Podría ser una hecha nada más que de páginas policiales. Para hacerle acordar a todos los que no nacieron acá, que cada vez que sus medios nos miran es para contarnos los muertos, para pesarnos la sangre, para fotografiar la silueta vacía que dibujaron en el piso. De policiales, que nosotros no estamos para ser noticia de tapa, ni espectáculos, no somos sociedad y apenas zonales.

…esta tierra la vamos haciendo con los que van viniendo, como pasó con ellos, como pasa con todos

Los colores de Bolivia y Paraguay tendría, esos brillos y esos bailes, adoptados, insolentes y con ellos vendrían los silencios de los que juegan a no ver. De los que castigan con prejuicio. De los que ofrecen la espalda. De los que sacan la mano. De los que impiden el alma. El silencio de los que ignoran que un tercio de lo que somos se hizo ahí nomás, del otro lado de la frontera y, militando esa ignorancia, olvidan que ellos, que en su sangre tienen un océano cruzado en barco, son de la misma condición sagrada que repudian. De Italia y de España, debería tener también color nuestra bandera, para recordarle al hijo de García y al nieto de Gentile, que esta tierra la vamos haciendo con los que van viniendo, como pasó con ellos, como pasa con todos, porque tu Patria es la que elegís, la que cuidás y te cuida.

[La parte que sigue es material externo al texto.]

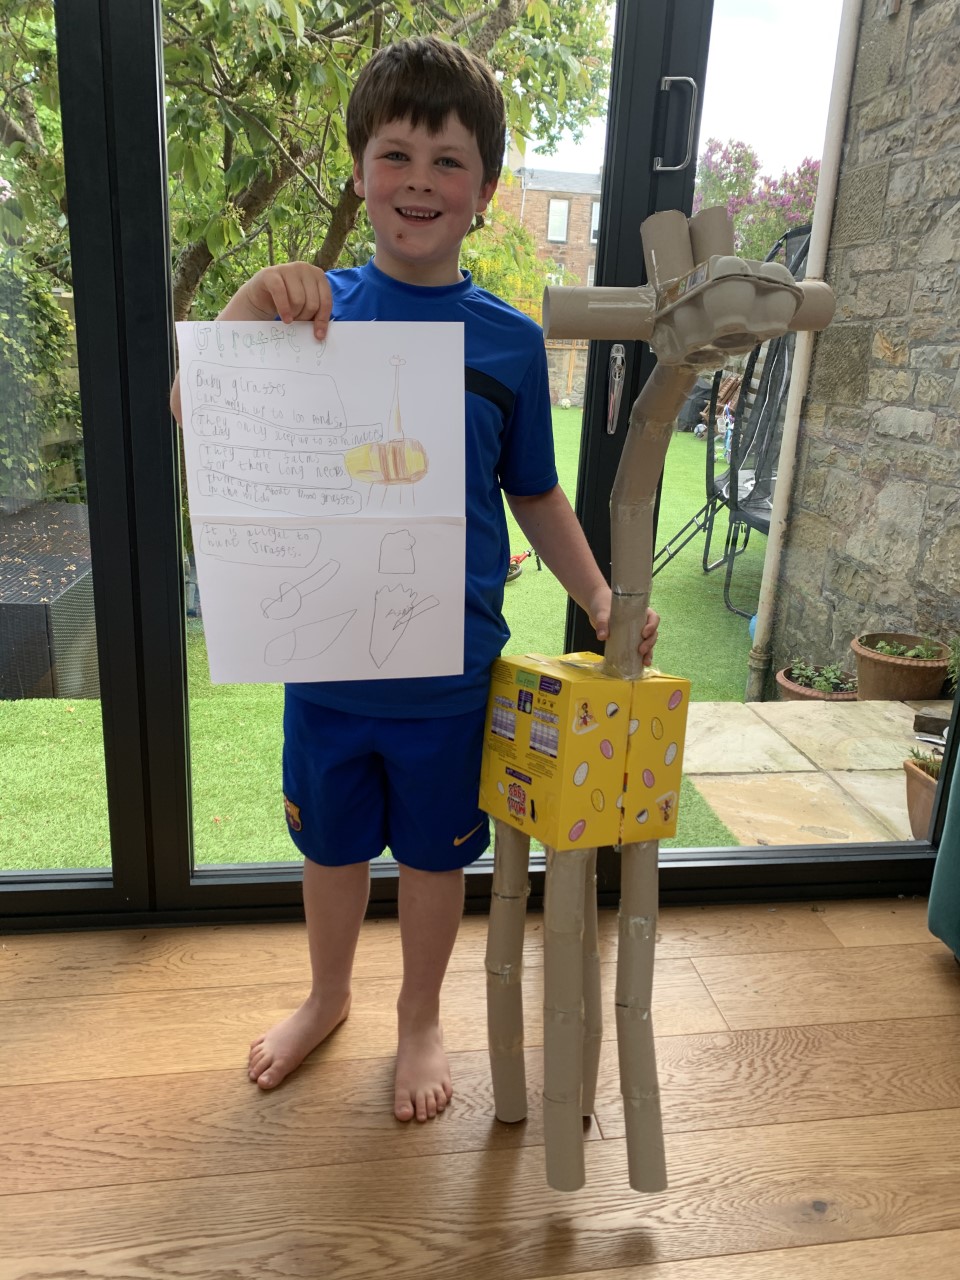 Wilf with his giraffe poster

Así, a lo Xul Xolar, bandera hecha de banderas, de retazos, mal cosida, desafiante, incompleta, por hacerse. O invisible. Qué alguien diga “ahí está la bandera del Conurbano” y nadie la vea.  Para que los cara sepan que a los ceca ni nos registran. El ninguneo de nuestra historia. El enmudecido sacrificio que no merece la pluma ni siquiera de aquellos que se ocupan de pensar la identidad nacional. No está ahí la maestra, ni el enfermero, la abogada hija de herrero, ni el doctor que se alimentó salteado, compartiendo olla entre cinco hermanos. No están los festejos porque llegó el asfalto, ni como se pone el barrio el sábado siete, cuando muchos cobraron y la van a dejar toda, en lo que les quede al alcance de la mano.

Invisible, como somos para aquellos que cada vez que se acuerdan de este 25%  de los argentinos, se refieren al Conurbano como un accidente, como una imposibilidad de prosperidad o como la vergüenza de la patria.

Ni nombrados somos de tan invisibles. La de Córdoba la defienden los cordobeses, como los franceses a la tricolor. Pero si naciste en el Conurbano, ni tenés gentilicio, no te pueden llamar ni a formar, que bandera vas a defender si no podés decir que sos ¿Conurbanio? ¿Conurbanero? ¿Conurvino? No. Si no te pueden nombrar, no sos.

Quizás nuestra bandera sea poder llamarnos de alguna forma. Un grito que nos funde y nos funda. Algo más allá del azar o el accidente. Una hermandad superadora entre lomenses, lanusenses, matanceros y echeverrianos. Un nombre que se haga bandera. Que, como otros nombres sagrados, desde los jirones nos conduzcan a la victoria. Mientras tanto, y aunque pese, elegimos azul y blanca, porque creemos en lo celeste y lo terrestre y entendemos que, mientras nos ilumine el mismo sol, nosotros no somos los otros de nadie.